--- Records ---
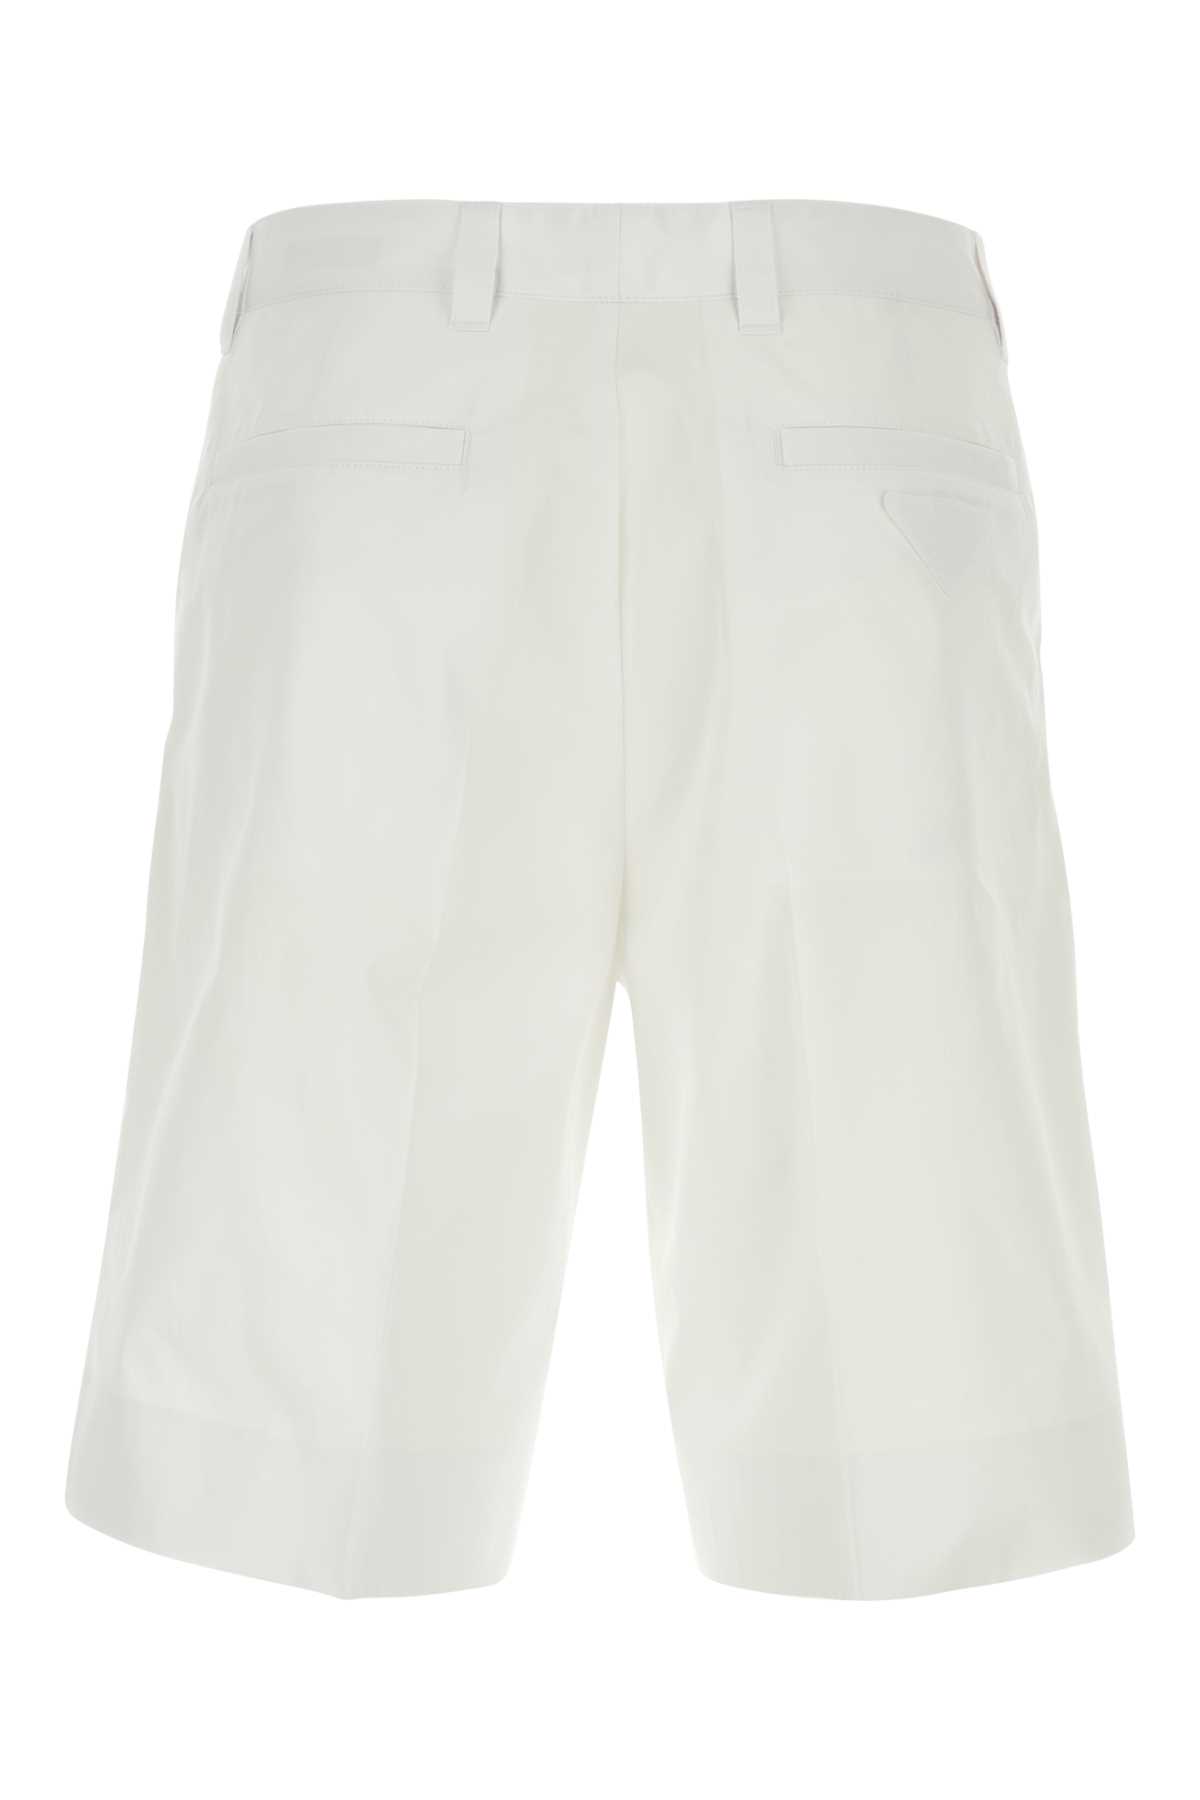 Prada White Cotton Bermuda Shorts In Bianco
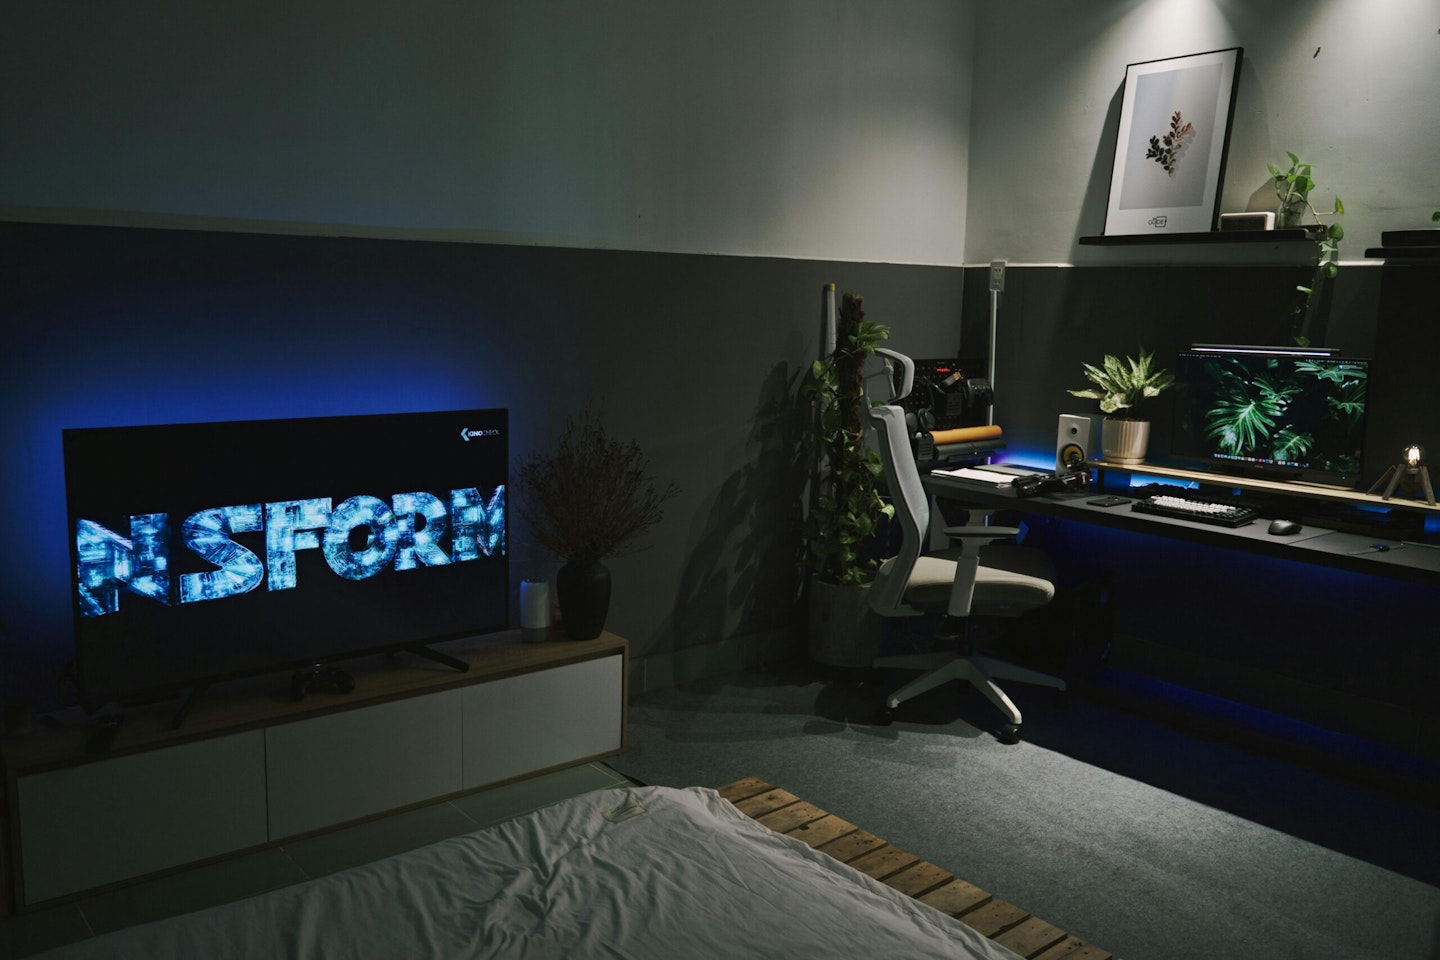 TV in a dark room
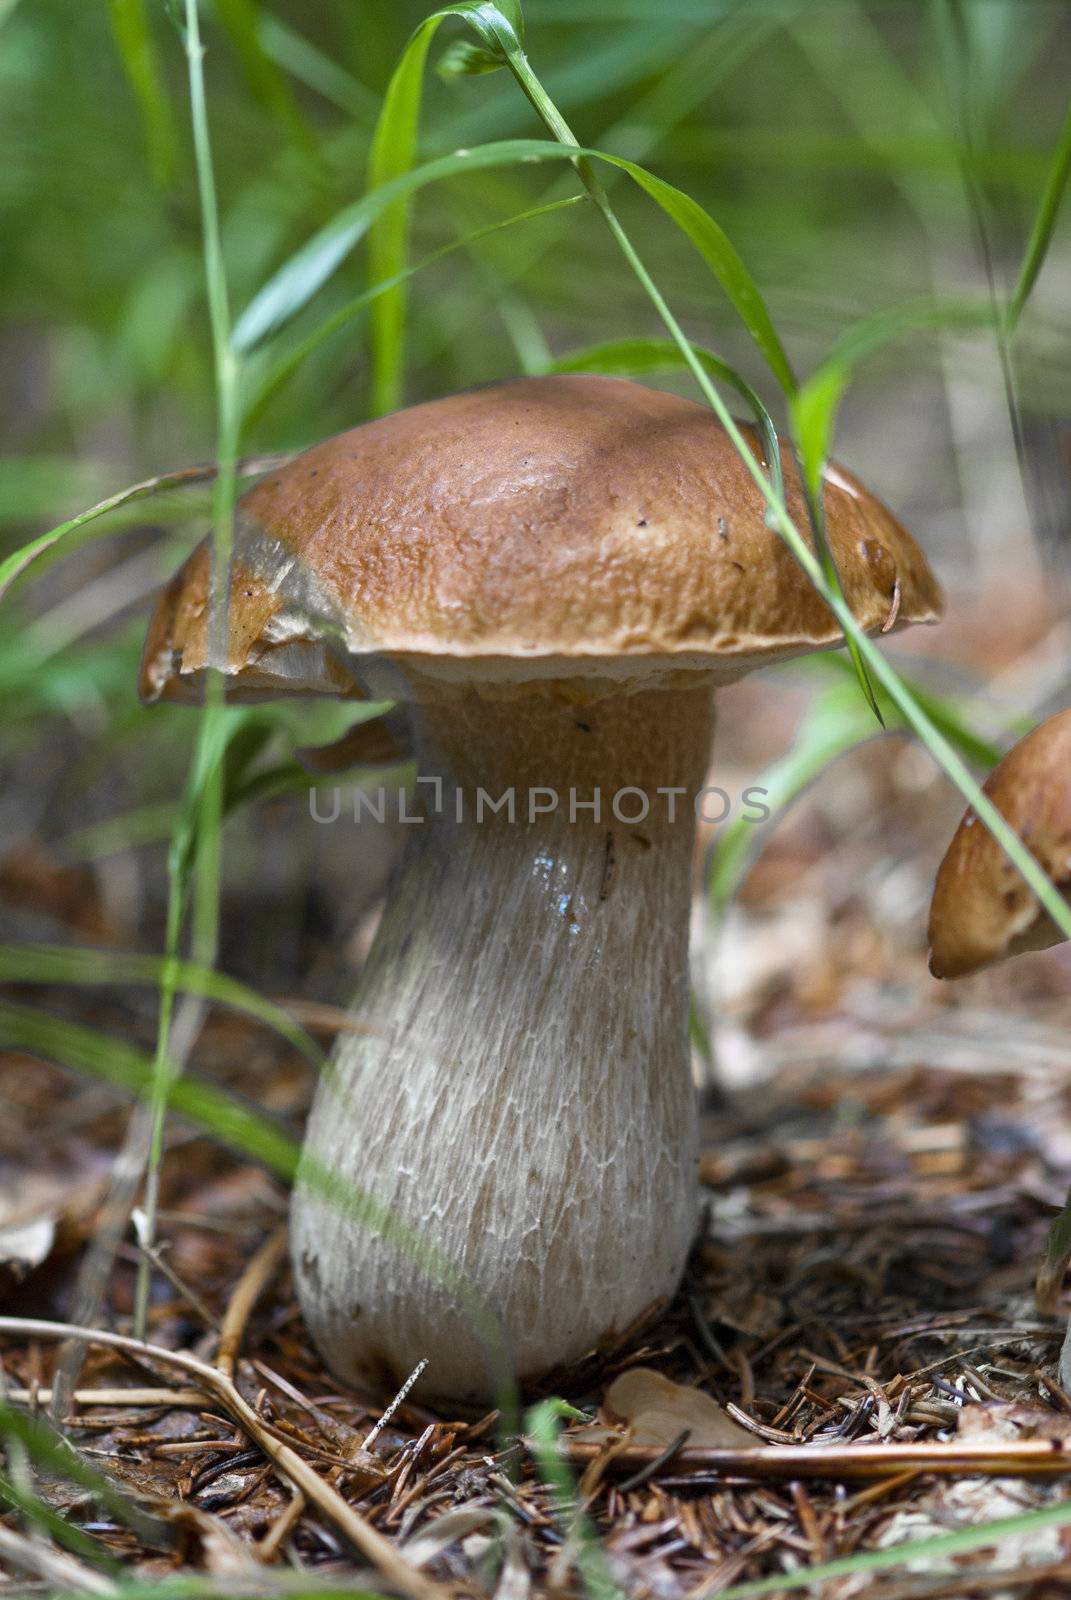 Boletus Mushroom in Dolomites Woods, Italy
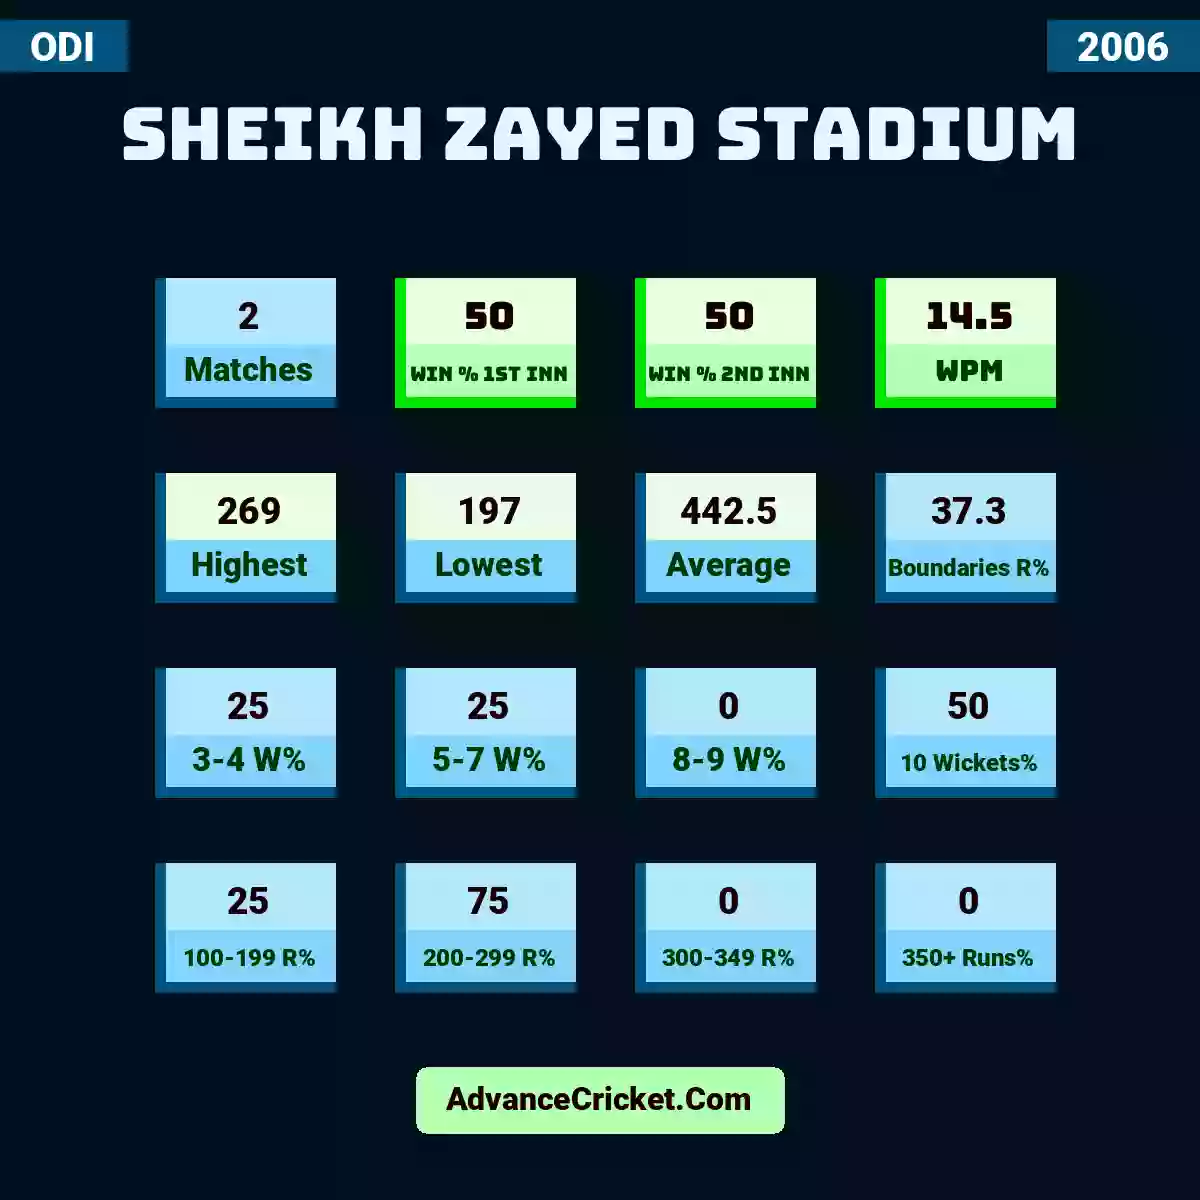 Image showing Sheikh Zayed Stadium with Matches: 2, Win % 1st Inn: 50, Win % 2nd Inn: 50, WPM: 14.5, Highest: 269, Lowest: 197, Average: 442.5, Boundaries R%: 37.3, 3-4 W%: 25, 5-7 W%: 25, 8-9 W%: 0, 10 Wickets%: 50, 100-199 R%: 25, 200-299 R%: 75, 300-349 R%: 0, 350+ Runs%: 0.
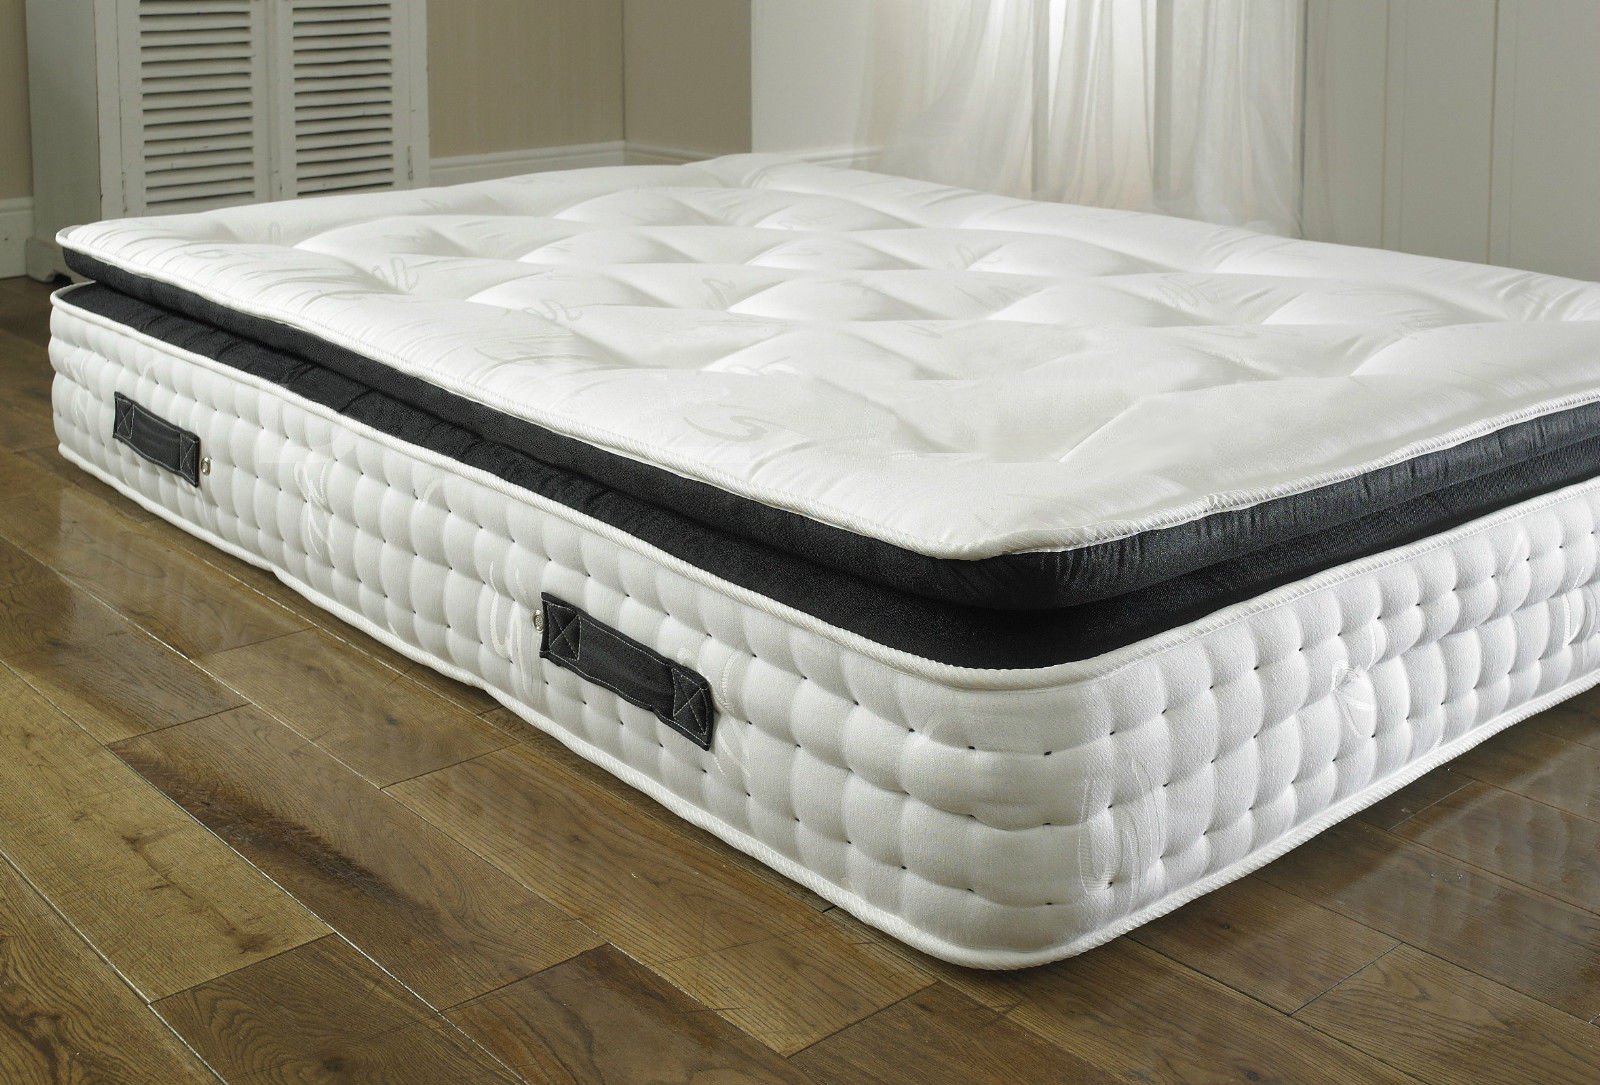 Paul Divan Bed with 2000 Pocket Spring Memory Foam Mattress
---
What you should do => Print each line from the one containing "TV in a dark room" through the last line of the listing, both included, exactly and with no pictures.

Task output =>
 TV in a dark room
 Boletus Mushroom in Dolomites Woods, Italy
 Image showing Sheikh Zayed Stadium with Matches: 2, Win % 1st Inn: 50, Win % 2nd Inn: 50, WPM: 14.5, Highest: 269, Lowest: 197, Average: 442.5, Boundaries R%: 37.3, 3-4 W%: 25, 5-7 W%: 25, 8-9 W%: 0, 10 Wickets%: 50, 100-199 R%: 25, 200-299 R%: 75, 300-349 R%: 0, 350+ Runs%: 0.
 Paul Divan Bed with 2000 Pocket Spring Memory Foam Mattress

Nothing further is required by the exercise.